Il dibattito post- Vara non lascia indifferenti neanche i consiglieri comunali. Gino Sturniolo di “Cambiamo Messina dal Basso” interviene con una nota e, in polemica con quanto sostenuto dai ragazzi di “Addio Pizzo” scrive: «ciò che mi rimane oscuro di tutta la vicenda della Vara e del dibattito che l’ha attraversata quest’anno è la motivazione per la quale il culto dell’Assunta e la conseguente partecipazione all’esercizio di tirare la Vara debba essere riconosciuto solo a coloro che hanno la fedina penale pulita».

Sturniolo sottolinea di parlare da «non credente, anzi, tecnicamente, da cattolico che ha perso la fede» e si domanda: «per quale motivo una persona coinvolta in problemi con la giustizia debba avere minori diritti nel chiedere Grazia alla Madonna di uno ligio al rispetto della legge non lo riesco a capire. Dovrebbe, caso mai, essere al contrario. Non bisognerebbe, secondo il pensiero cristiano, spalancare le porte a chi ha peccato? Non bisognerebbe, forse, aprire le braccia a chi ha abbandonato la retta via?».

Sulla scia di quanto affermato dall’assessore Todesco, che ha individuato nella gratuità della “prestazione” dei componenti del Comitato Vara l’elemento discriminante in senso positivo, l’accorintiano aggiunge: «non parlo, naturalmente, della gestione delle risorse economiche. Quella deve avvenire secondo meccanismi di partecipazione e di controllo in modo tale da impedirne una appropriazione indebita. Parlo della partecipazione ad un evento collettivo legato all’esperienza religiosa di una comunità».

«Dopo tanti anni – continua Sturniolo – quest’anno sono tornato ad assistere alla Processione della Vara. L’ho fatto forse perché, da consigliere comunale, mi sono sentito investito dal senso di responsabilità per le voci di tensioni che gravavano intorno all’evento. Oppure, semplicemente, ho voluto accompagnare moglie e figli che non c’erano mai stati. Mi sono riconfermato nel giudizio, che ne avevo sempre dato, di fenomeno che mescola elementi di religiosità forte con comportamenti che lo sono meno e che affondano le radici nell’identità di un popolo. Quando si dice che la Vara è del popolo non ci si discosta molto dal vero. La Vara è fortemente popolare. La Vara appartiene al popolo, ad un popolo non diviso in classi sociali. In mezzo ai canaponi non c’è distinzione di ceto ed è forse per questo, per la capacità di fare insieme una cosa (tirare la Vara con competenza e perizia fino al Duomo), che tutti ne vanno orgogliosi. Per un giorno tanti di quelli che negli altri giorni assistono da spettatori impotenti allo spettacolo del potere sono protagonisti. Non è il prima o il dopo che contano. E’ il durante. L’essere là in mezzo a tirare, ad urlare, ad applaudire e a farsi applaudire».

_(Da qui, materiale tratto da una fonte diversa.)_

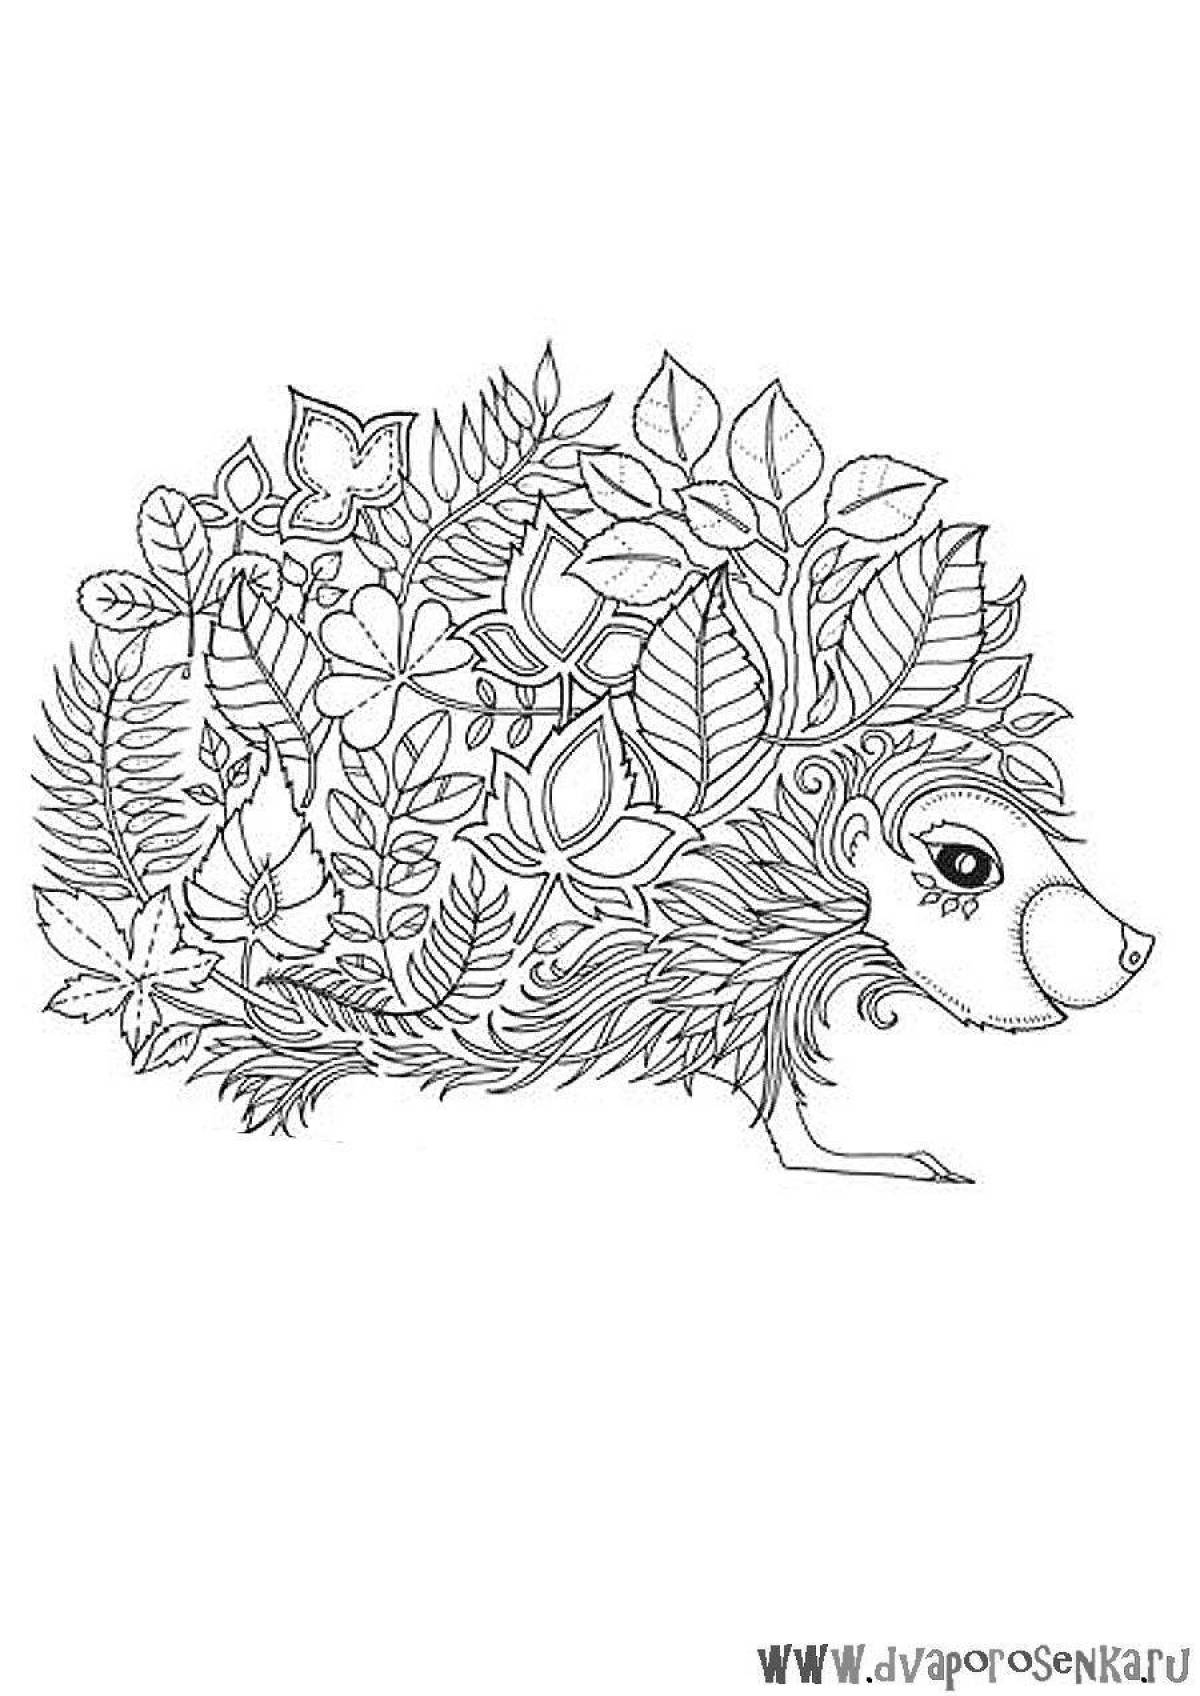 Fantastic anti-stress hedgehog coloring book

Nella sua nota, Sturniolo non risparmia attacchi alla sinistra, schieramento ideologico che, per la verità lo ha visto sempre in prima linea ed anche candidato, come ad esempio alle ultime elezioni regionali nella fila di Sel. Particolare questo che non gli impedisce di ritenere che «forse è per questo che tanti colti e benpensanti, specie se di sinistra, guardano alla Vara con tanta sufficienza. Perché per una volta una moltitudine cittadina, popolare, non colta, con la fedina penale non sempre intonsa prende il sopravvento. Si appropria della strada. Dura un paio d’ore, ma tanta irregolarità, tanta sfrontatezza, basta ad urtare i cultori dell’ordine e della disciplina. Della legalità. Urta, forse, chi nel resto dei giorni, nella piena legalità, prende possesso della ricchezza e dei posti di potere. E quando questo avviene oltrepassando i vincoli della legge (ad esempio attraverso raccomandazioni o evasioni fiscali) nella stragrande maggioranza dei casi non viene sanzionato. Ma il più delle volte questi, quelli nella legge, vanno avanti così, perché è normale. Perché se sei figlio di avvocato farai l’avvocato e se sei figlio di docente universitario sarai di certo un ricercatore brillante».

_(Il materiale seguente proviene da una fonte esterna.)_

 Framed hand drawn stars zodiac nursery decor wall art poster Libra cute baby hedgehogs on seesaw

«Insomma – conclude Sturniolo – l’illegalità non è la mafia e le campagne per la legalità non sono lotta alla mafia. La lotta alla mafia è la lotta contro il potere criminale. La lotta alla mafia è la lotta contro chi si appropria delle risorse pubbliche, del territorio, delle reti sociali. La legalità è terreno di scontro politico. La storia è piena di legalità ingiuste che sono state modificate attraverso la disobbedienza e la rivolta. La legalità è il modo in cui un sistema sociale fissa gli equilibri tra le proprie componenti. La legalità è questa fissazione di norme ed è sottoposta al variare degli equilibri sociali. La legalità non è di per sé la giustizia».

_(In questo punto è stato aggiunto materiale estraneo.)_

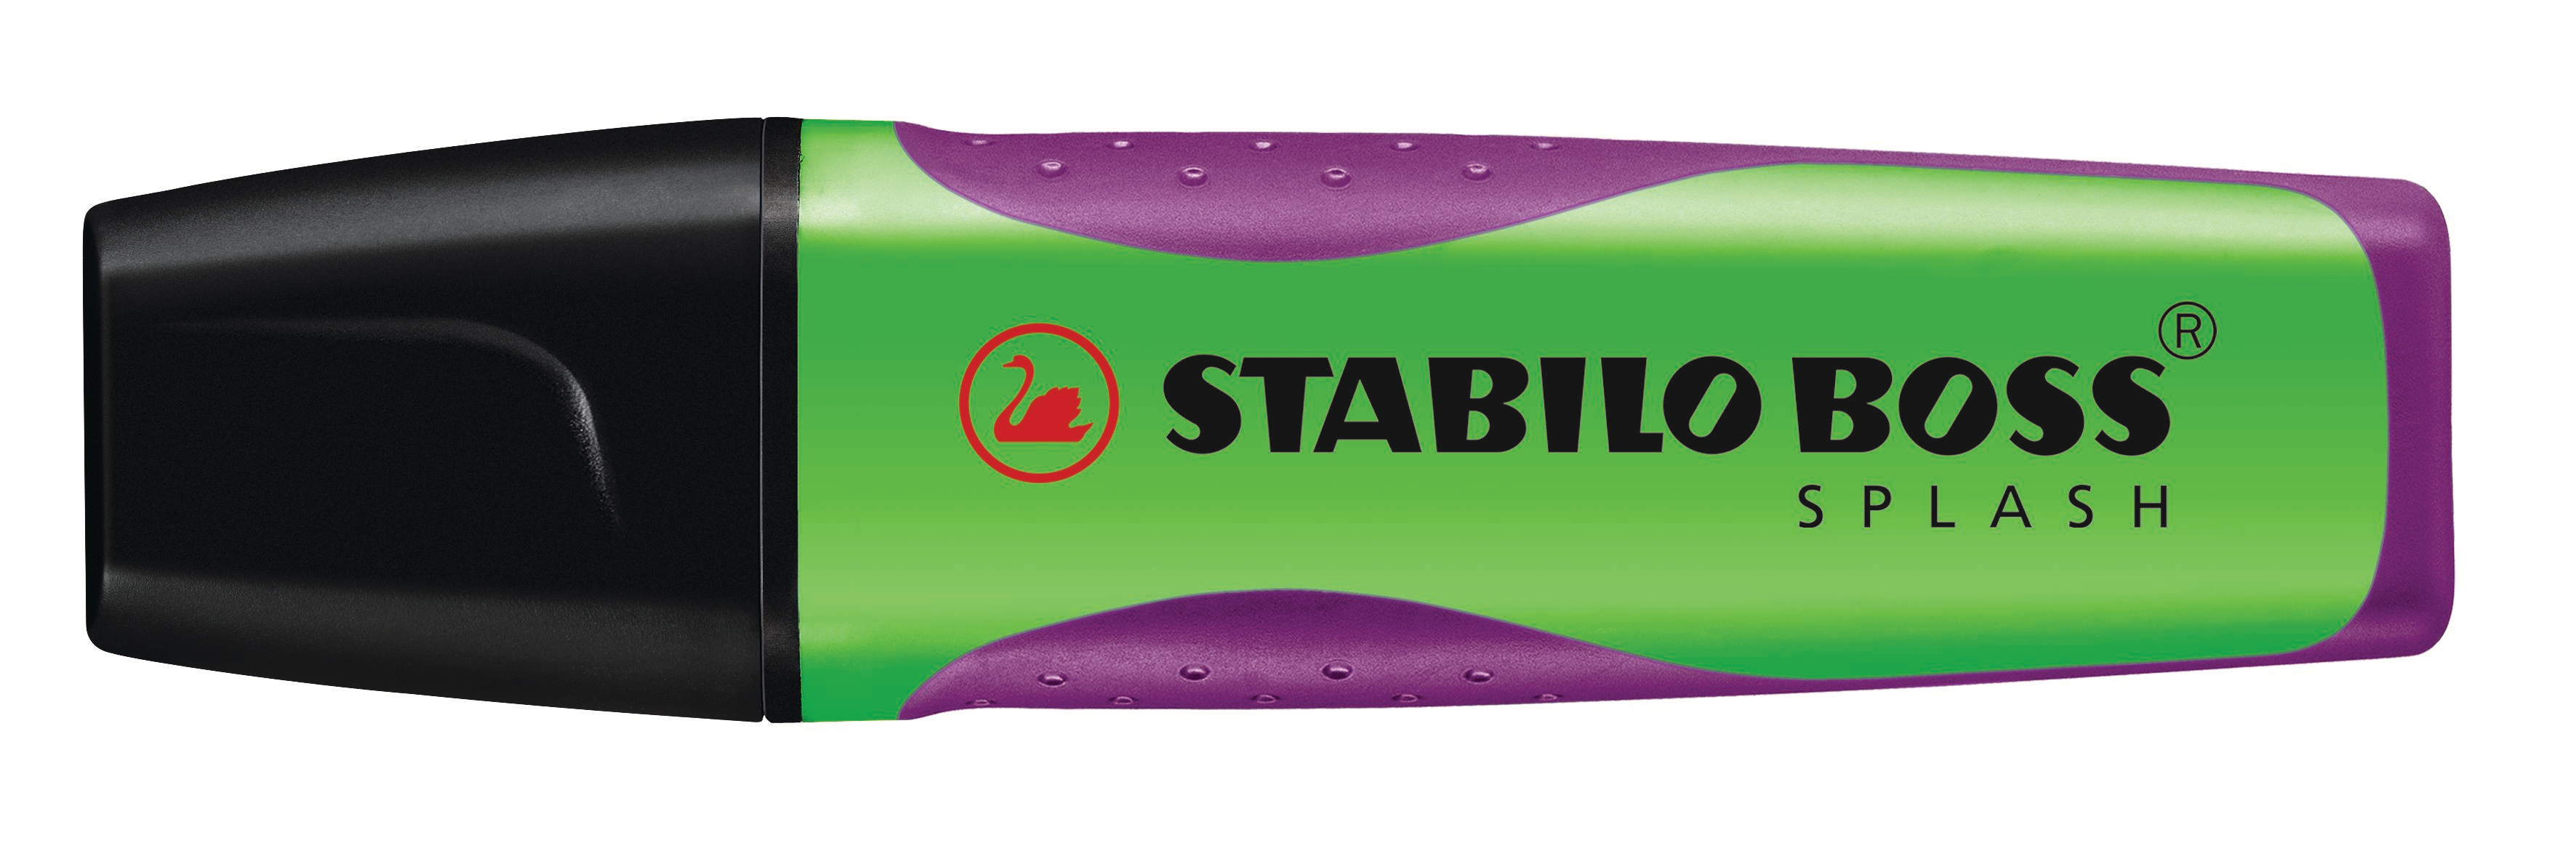 STABILO BOSS SPLASH 75/33 vert

L’opinione del consigliere comunale di “Cambiamo Messina dal Basso” è assolutamente rispettabile e sui social network è stata condivisa da molti e particolarmente apprezzata. Chissà però quale giudizio se ne sarebbe dato, se la stessa, identica opinione fosse stata espressa da uno qualunque dei consiglieri de Pdl o del PD durante l’amministrazione Buzzanca o Genovese…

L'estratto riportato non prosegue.